EL TOUR DE FRANCIA

Tenía solo ocho años, pero todavía hoy me acuerdo perfectamente de la hazaña. También de mi emoción, el peligroso éxtasis que me sacudió, del estremecimiento que inunda el cuerpo y la mente cuando tus héroe se convierten en dioses. Era jueves, ocho de julio de 1971, y Luis Ocaña se encontraba tan sólo a un segundo del líder del Tour, Joop Zoetemelk. La undécima etapa, entre las localidades de Grenoble y Orcières Merlette, constaba de un corto recorrido de 134 km, y no se esperaba gran cosa de ella. Al menos, hasta que el conquense se empeñó en llevar la contraria a todo el mundo. El sol abrasaba y dibujaba una diamantina caligrafía de fuego cuando Ocaña decidió desplegar un brutal ataque en el col de Laffrey.
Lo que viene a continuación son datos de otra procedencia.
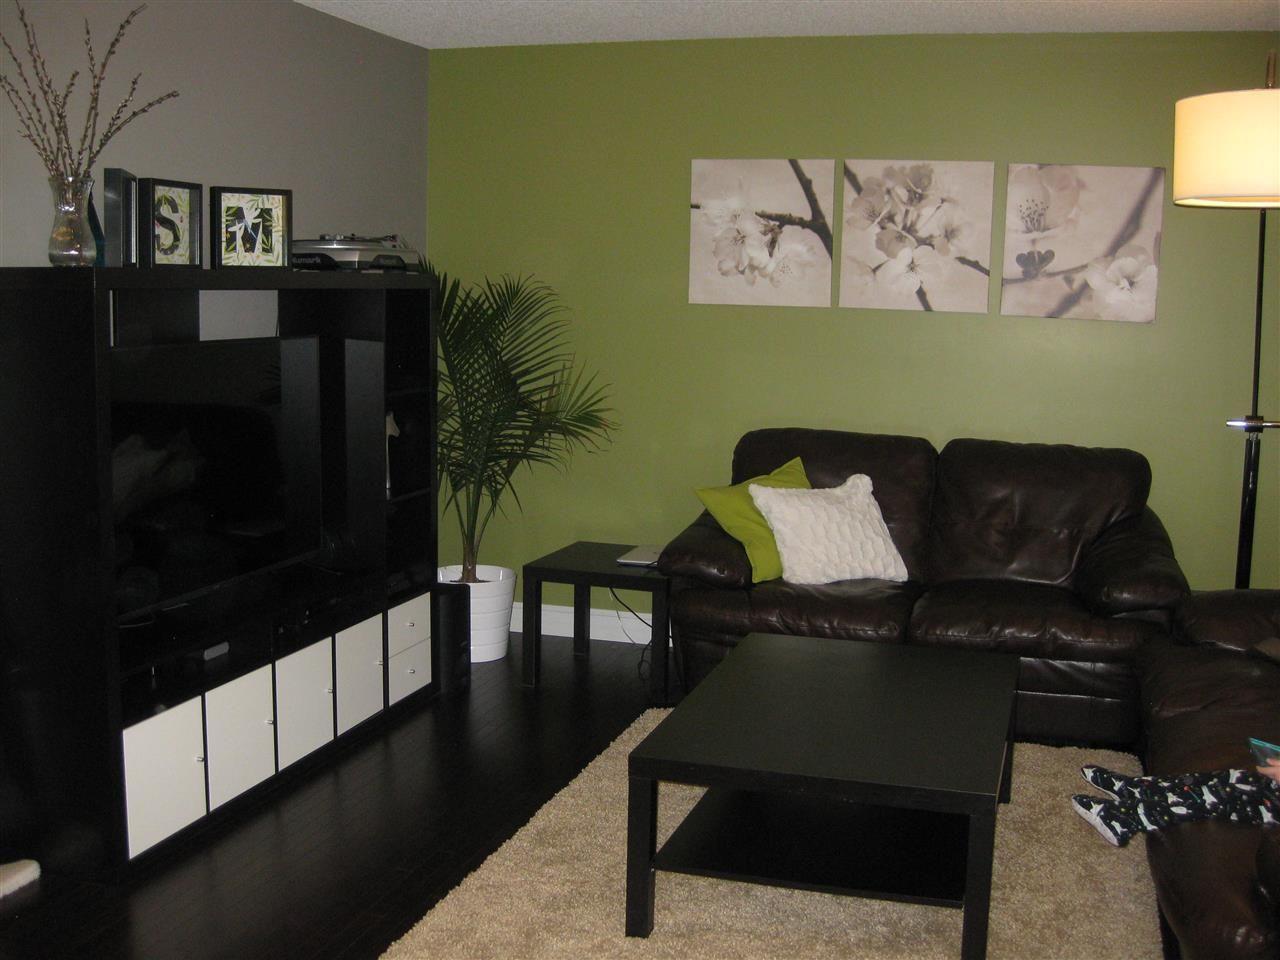 Photo 7: Photos: #41 3625 144 AV NW in Edmonton: Zone 35 Townhouse for sale : MLS®# E4016087

Le secundaron, durante unos kilómetros, Zoetemelk, Van Impe y Agostinho, pero Luis Ocaña aceleró, apretó los dientes, abrió la boca con violencia y se tumbó sobre el manillar, quedándose finalmente solo al pie del col de Noyer. Perseguía con furia obstinada tanto el maillot amarillo como una hazaña sólo reservada a los dioses. Quizá también buscase que el gran Eddy Mercks, por primera vez en su vida deportiva, conociese el amargo sabor de la derrota. Por detrás, el pelotón venía destrozado mientras él seguía pedaleando bajo un sol estremecedor en el que los perros de la canícula ladraban sobre las montañas. En la meta de Orcières Merlette sacó un puñado de minutos a todos los favoritos y dejó fuera de control a medio pelotón. El intratable Eddy Mercks sufrió la mayor humillación de su carrera deportiva llegando a ocho minutos y cuarenta y dos segundos y sus palabras, al acabar la dantesca etapa, no tuvieron desperdicio: “Hoy Ocaña nos ha matado, como El Cordobés mata en la plaza de toros”.
Vicente Álvarez de la Viuda
«El Tour de Francia y las magnolias del doctor Jekyll» (2010).